— Exercise input —
###

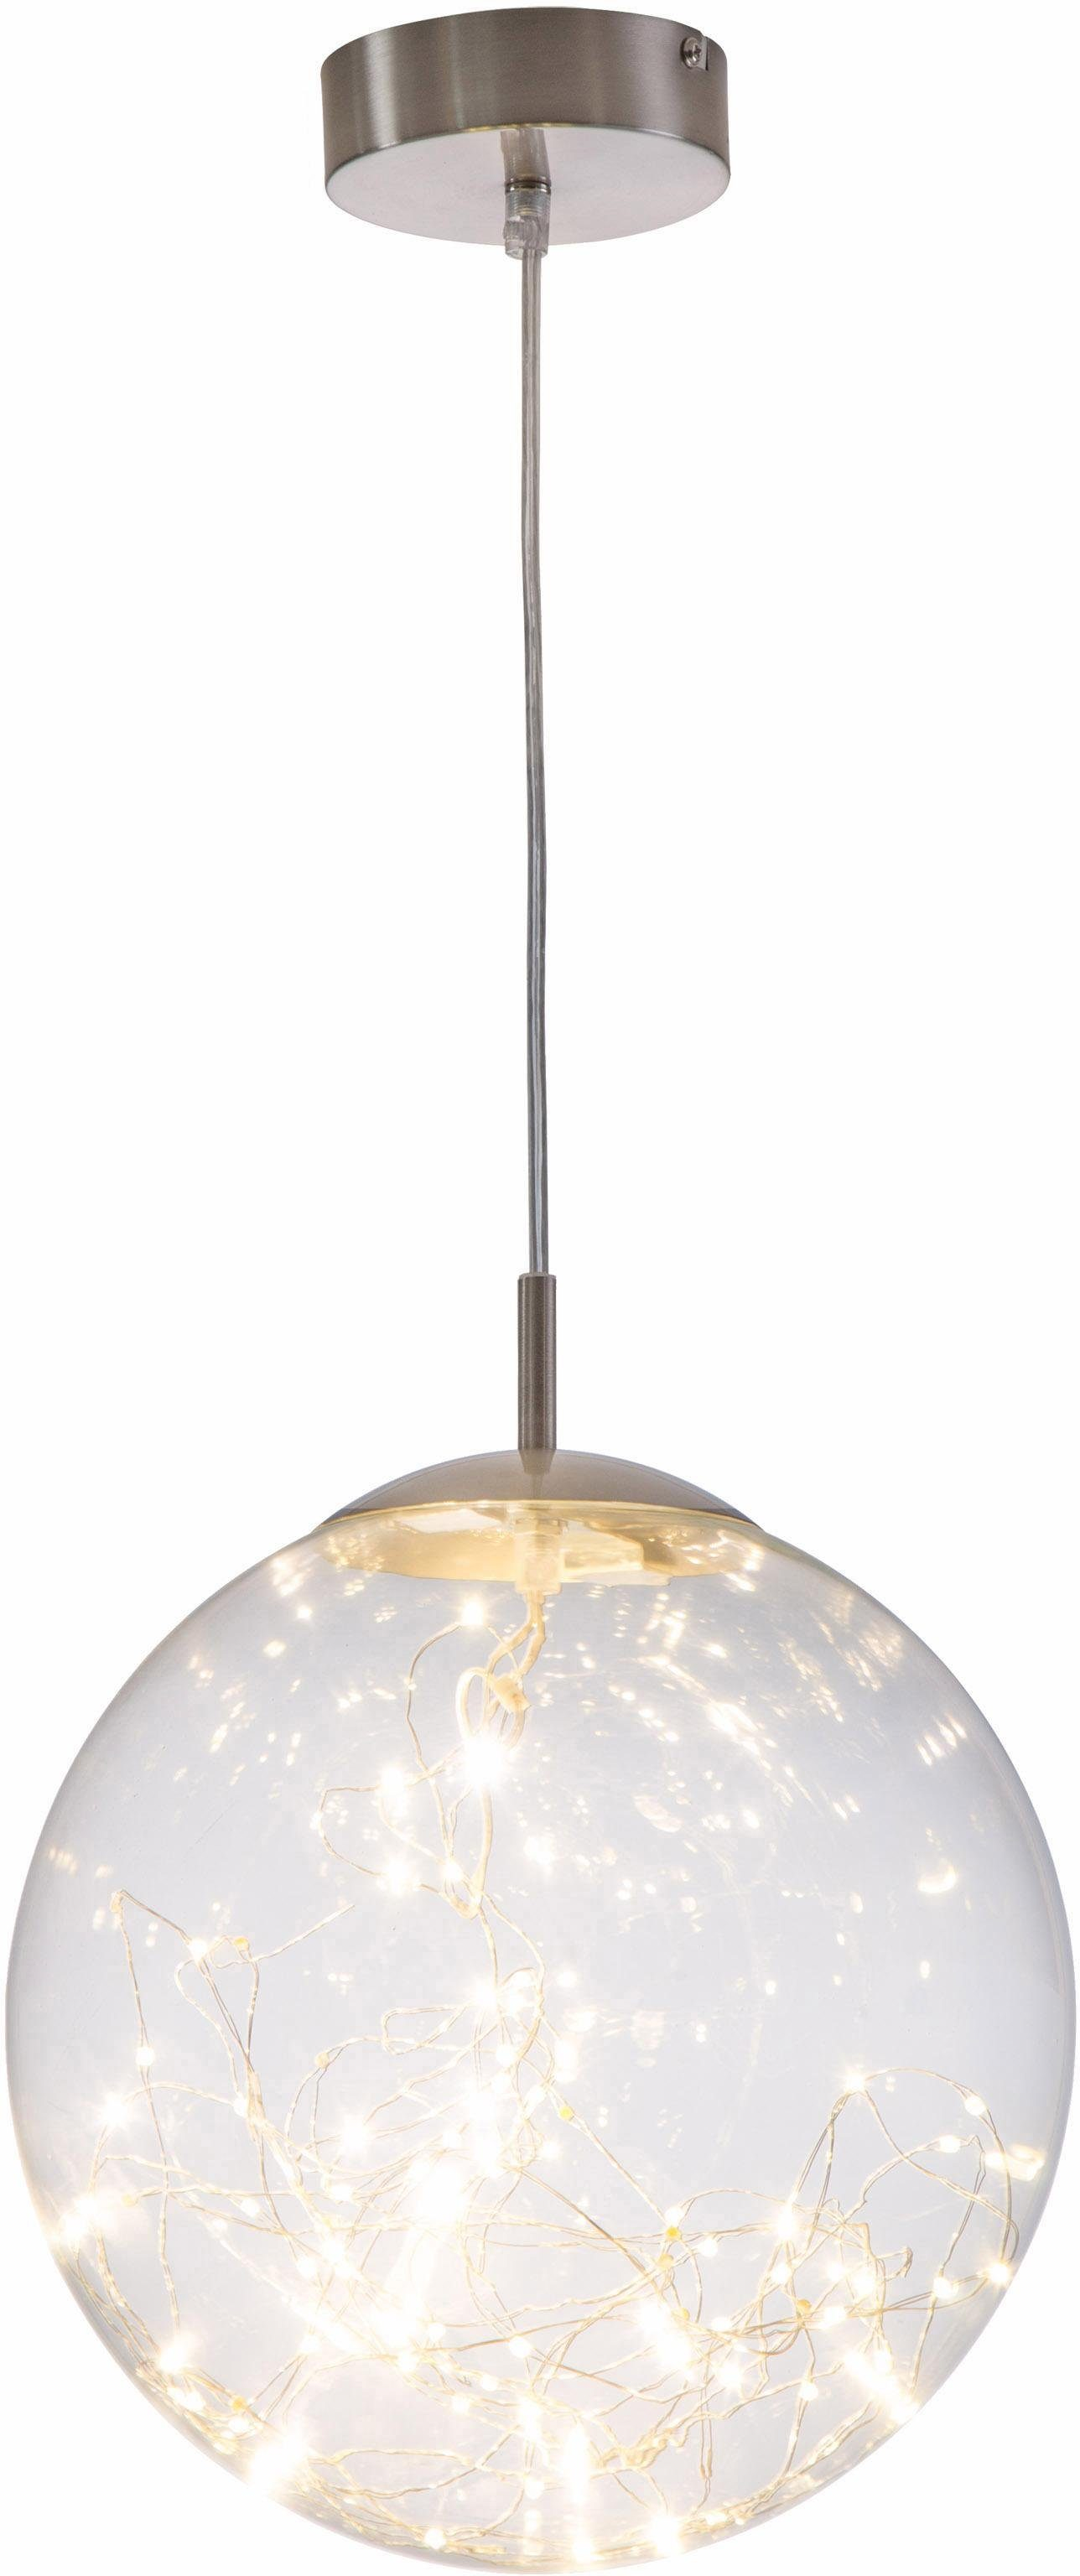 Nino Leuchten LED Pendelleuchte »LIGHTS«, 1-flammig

###

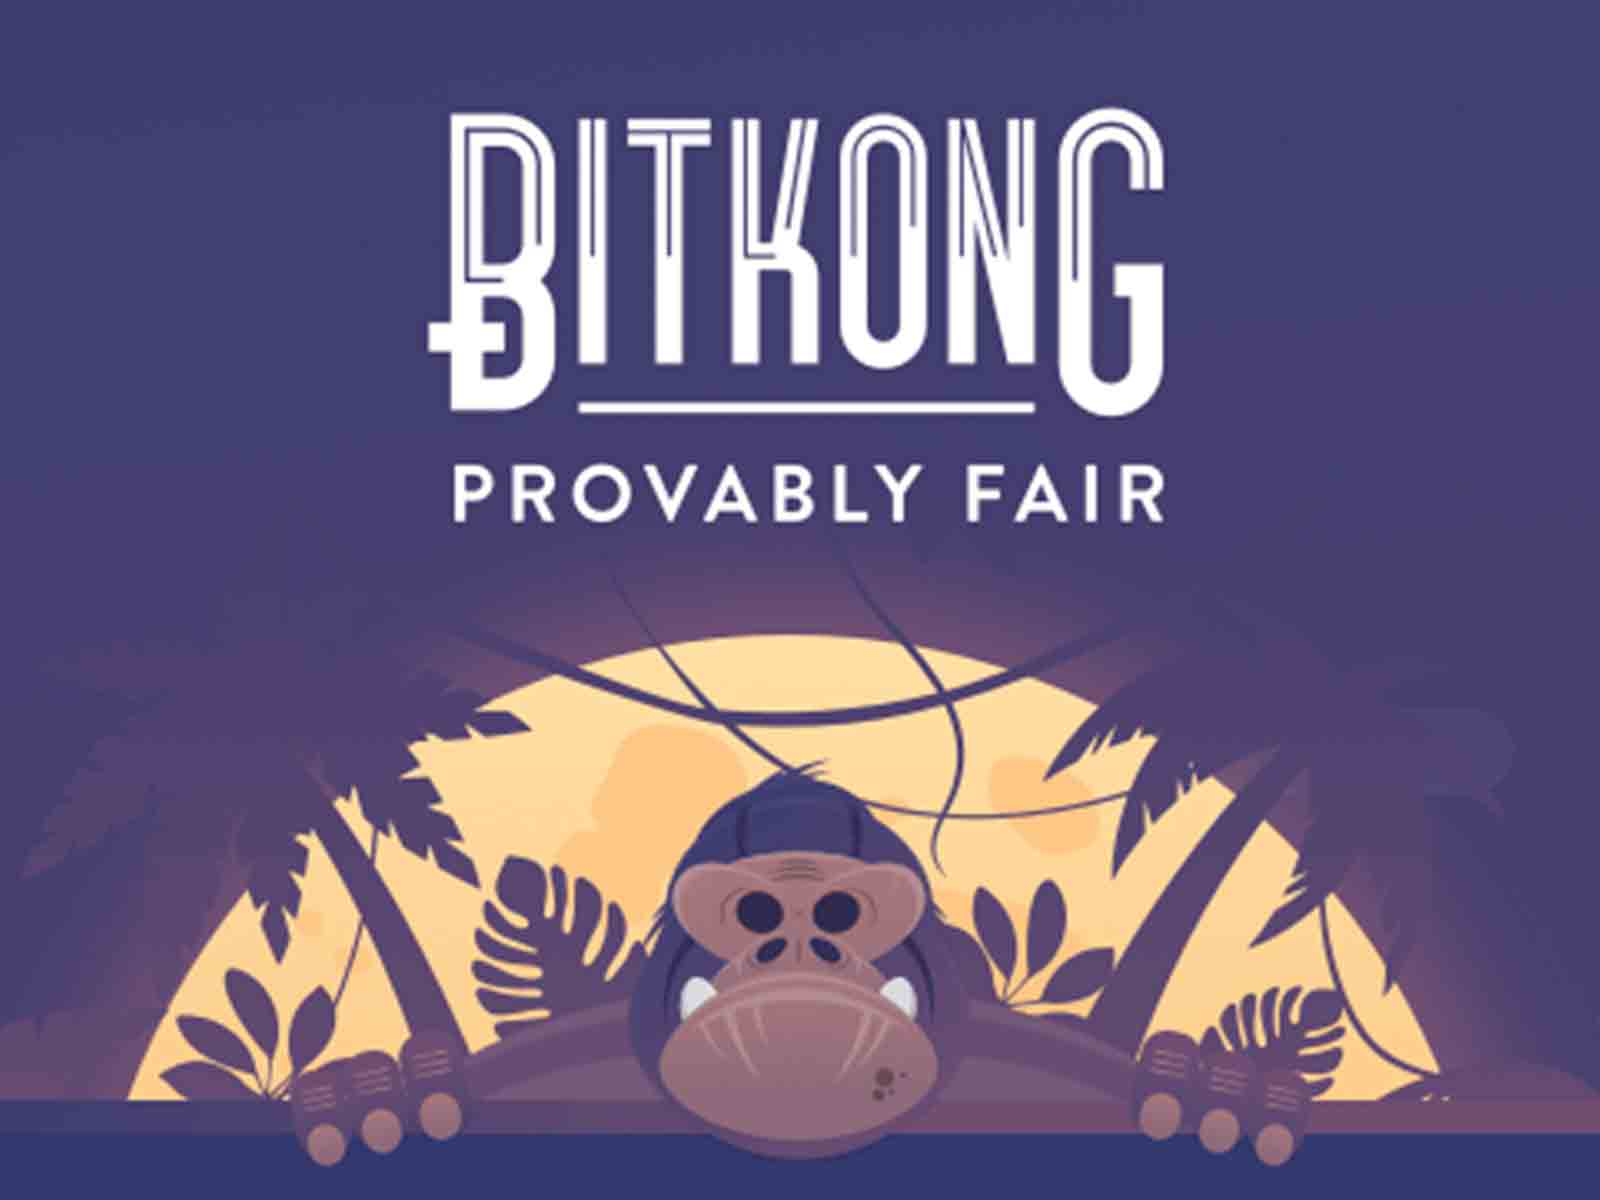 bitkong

###

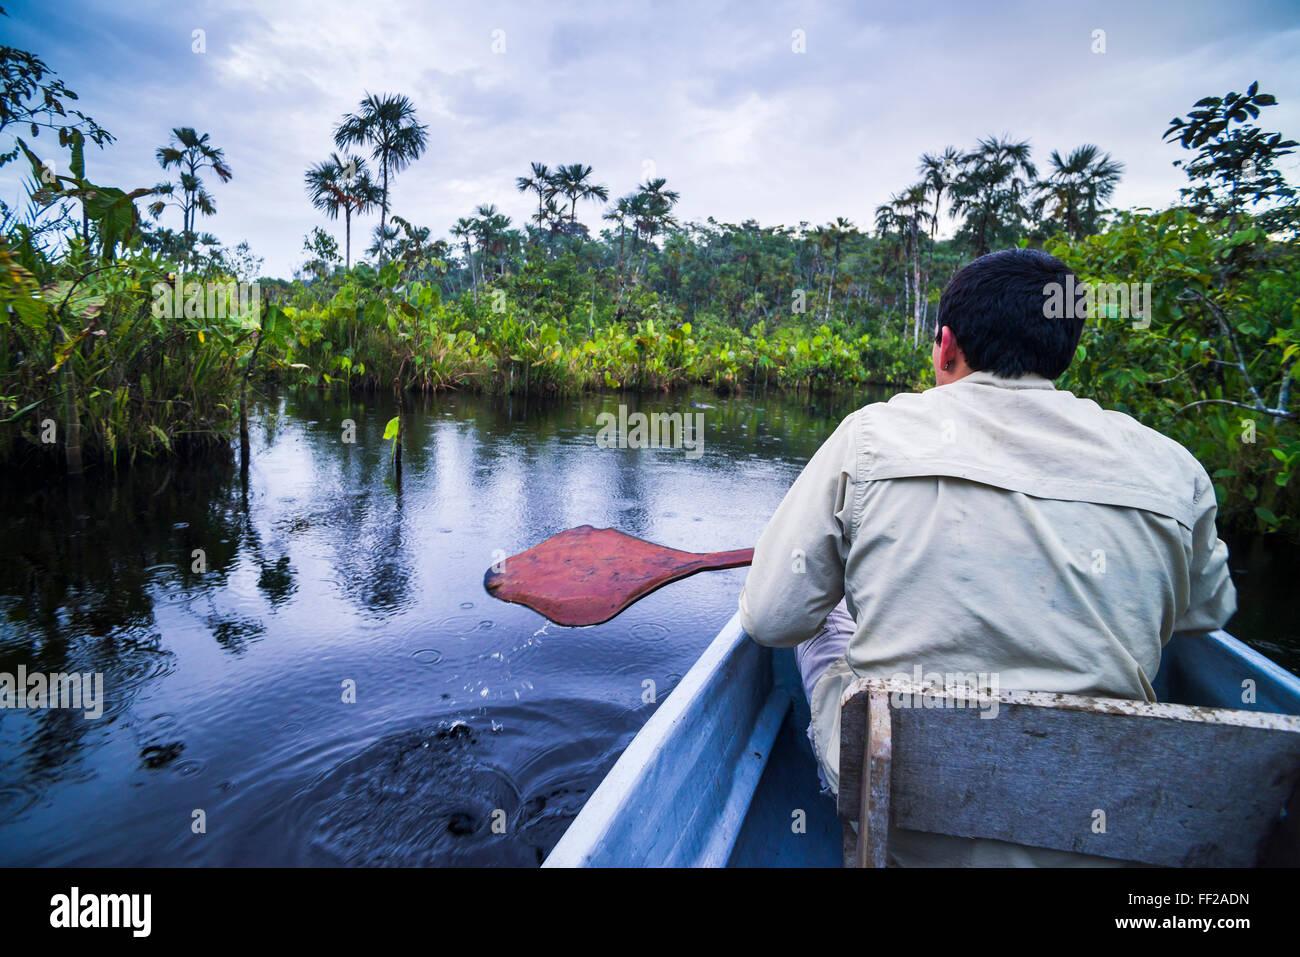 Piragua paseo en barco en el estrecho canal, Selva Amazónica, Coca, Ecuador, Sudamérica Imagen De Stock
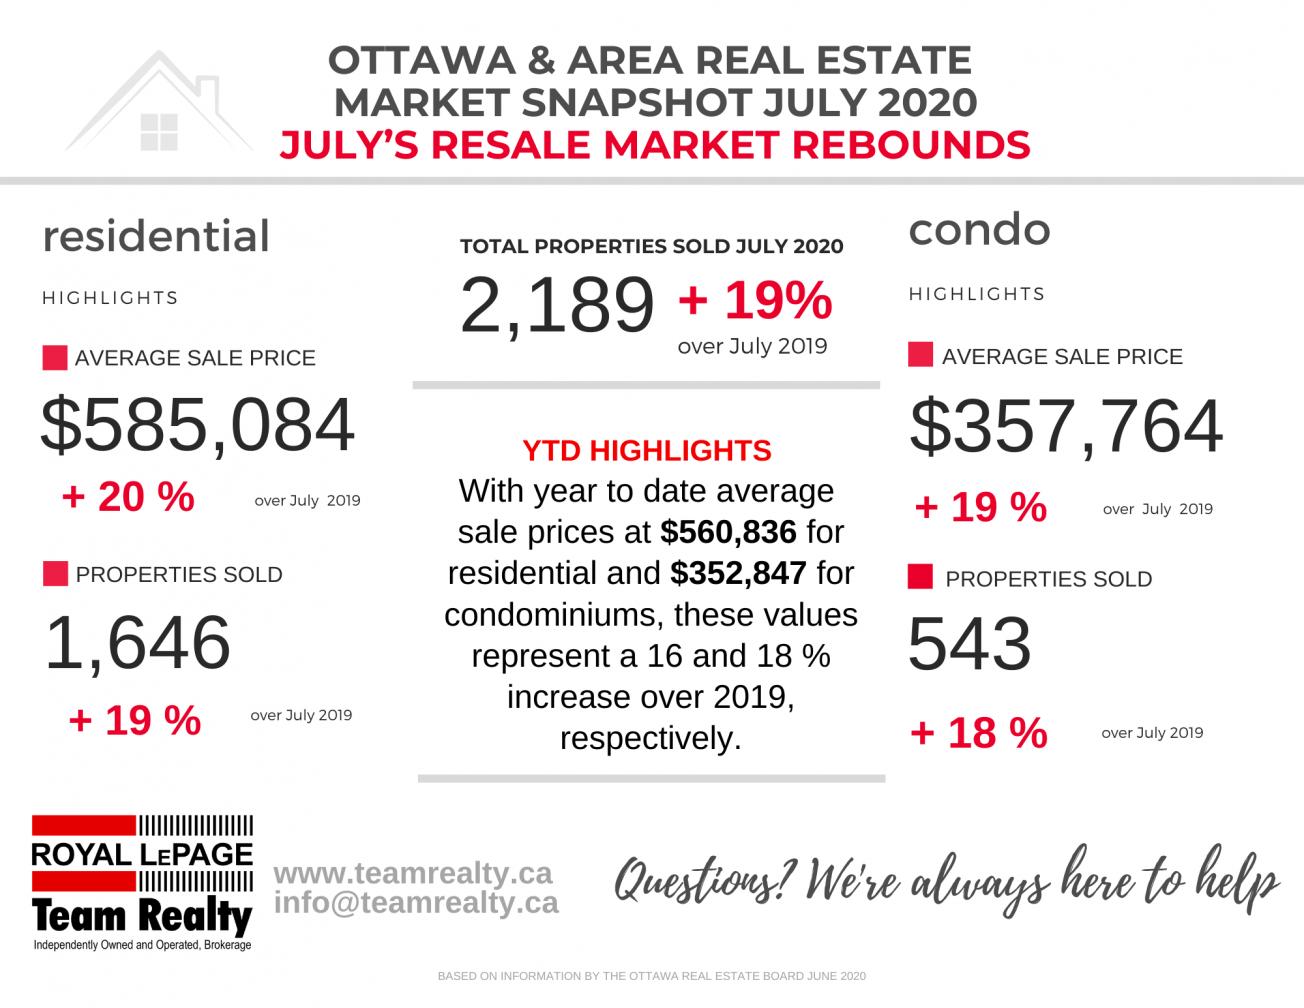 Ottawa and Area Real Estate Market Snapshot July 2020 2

###

— Task statement —
Out of the records above, return only the lines from the one with "Piragua paseo en" through the one with "Ottawa and Area", exactly, and none of the pictures.

— Finished exercise —
 Piragua paseo en barco en el estrecho canal, Selva Amazónica, Coca, Ecuador, Sudamérica Imagen De Stock
 Ottawa and Area Real Estate Market Snapshot July 2020 2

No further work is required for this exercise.